A clear SMN2 genotype-phenotype correlation was observed in family 7 (Table 3), which had four affected siblings (Fig. 1), with ages of onset between 6 and 11 months of age. Patient III-6 was born without motor activity and died at 4 months of age with respiratory insufficiency. It was surprising to find that the mothers (II-3 and II-5, Fig. 1) of the affected children despite being also homozygous carriers of the deletion had very few clinical manifestations of the disease: fine tongue tremor and decreased muscle strength in the hands. Quantification of SMN2 copy number revealed 4–5 in each case, clearly illustrating the phenotypic modulation of SMN2 on the disease severity.
On the other hand, the haplotype analysis in the family revealed that a double recombinant event had occurred in the transmission of the affected gene from one of the mothers (II-5, Fig. 1) to two of her affected children (III-7 and III-8). The presence of a large inverted repeat as well as multiple smaller repeats in the 5q13 region makes the SMN locus highly susceptible to unequal recombination, causing de novo deletions of SMN1 [2]. This mechanism could be acting in this family, which showed an unexpected number of independent deletion carriers. Husbands of the affected mothers (II-3 and II-5, Fig. 1) are not biologically related, carrying different in-phase haplotypes.

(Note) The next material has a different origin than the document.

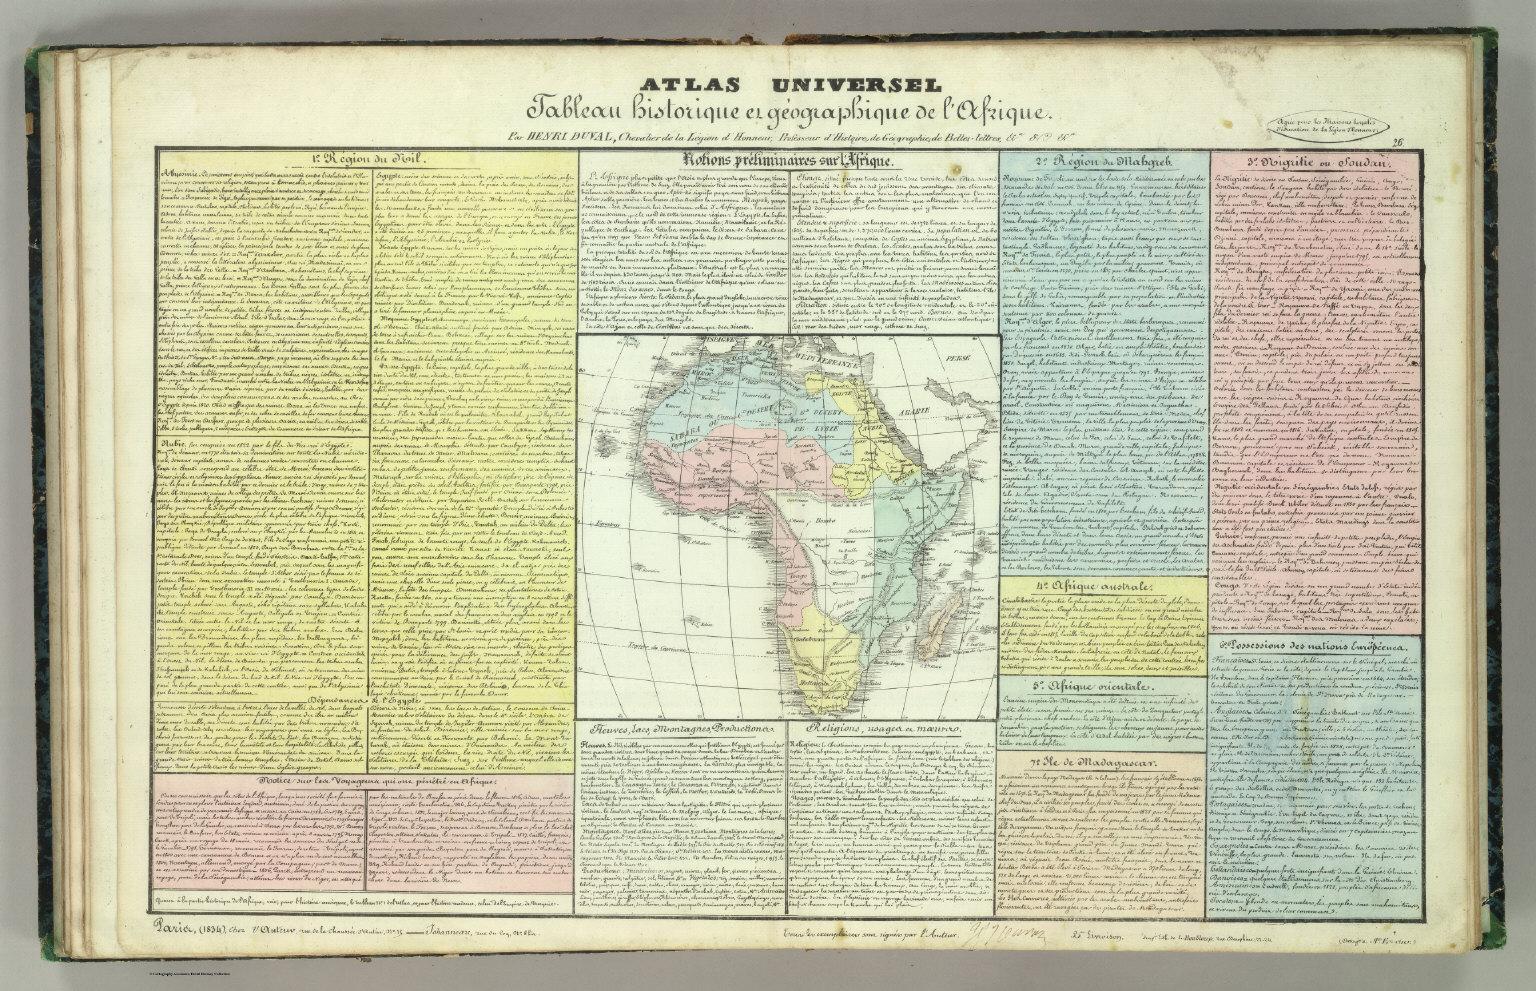 Tableau l'historie de 'Afrique.
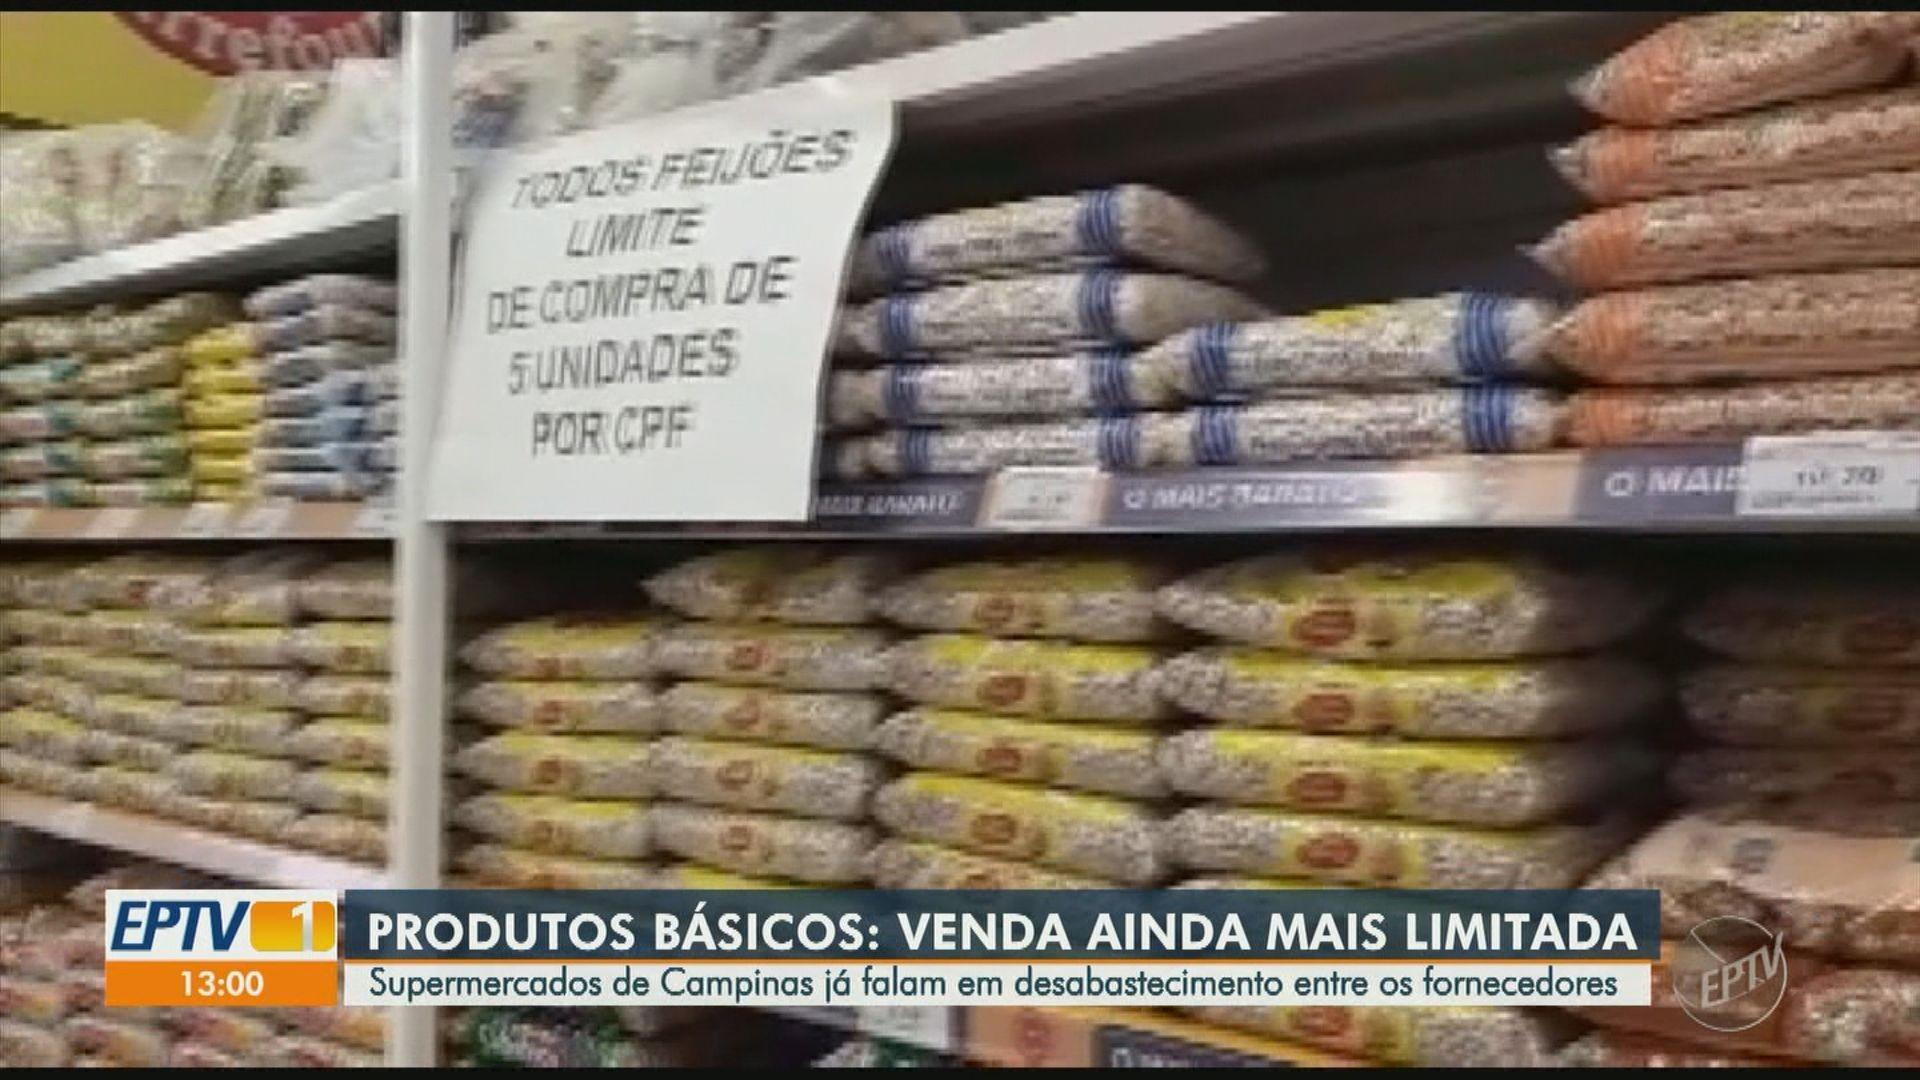 VÍDEOS: EPTV 1 região de Campinas desta quarta-feira, 23 de setembro

The findings in this family show the importance of performing genetic tests to different relatives at risk in specific families, even if they did not have clinical manifestations of the disease. Unfortunately, grandfather I-1 could not be studied but his spouse I-2 was informative enough for inferring genotype origins in their immediate descendants.
Geographic distribution
There was neither close nor remote kinship between the parents in any of the families. Regarding the possible geographic aggregation of SMN1 gene deletion, in only one family, it was observed an eventual “geographic focus” [31], since two grandparents from different ancestral lines of the index case were born in Maracay, State of Aragua. Ancestors of the control individual, carrier of the SMN1 deletion, were born in the central states of the country: Guárico (Calabozo) and Aragua (Villa de Cura), this latter city being very close to Maracay city, suggesting a higher mutation prevalence in that eventual geographic focus. The remaining families had quite diverse places of birth of their ancestors throughout the country, without any clear or even suspected aggregation.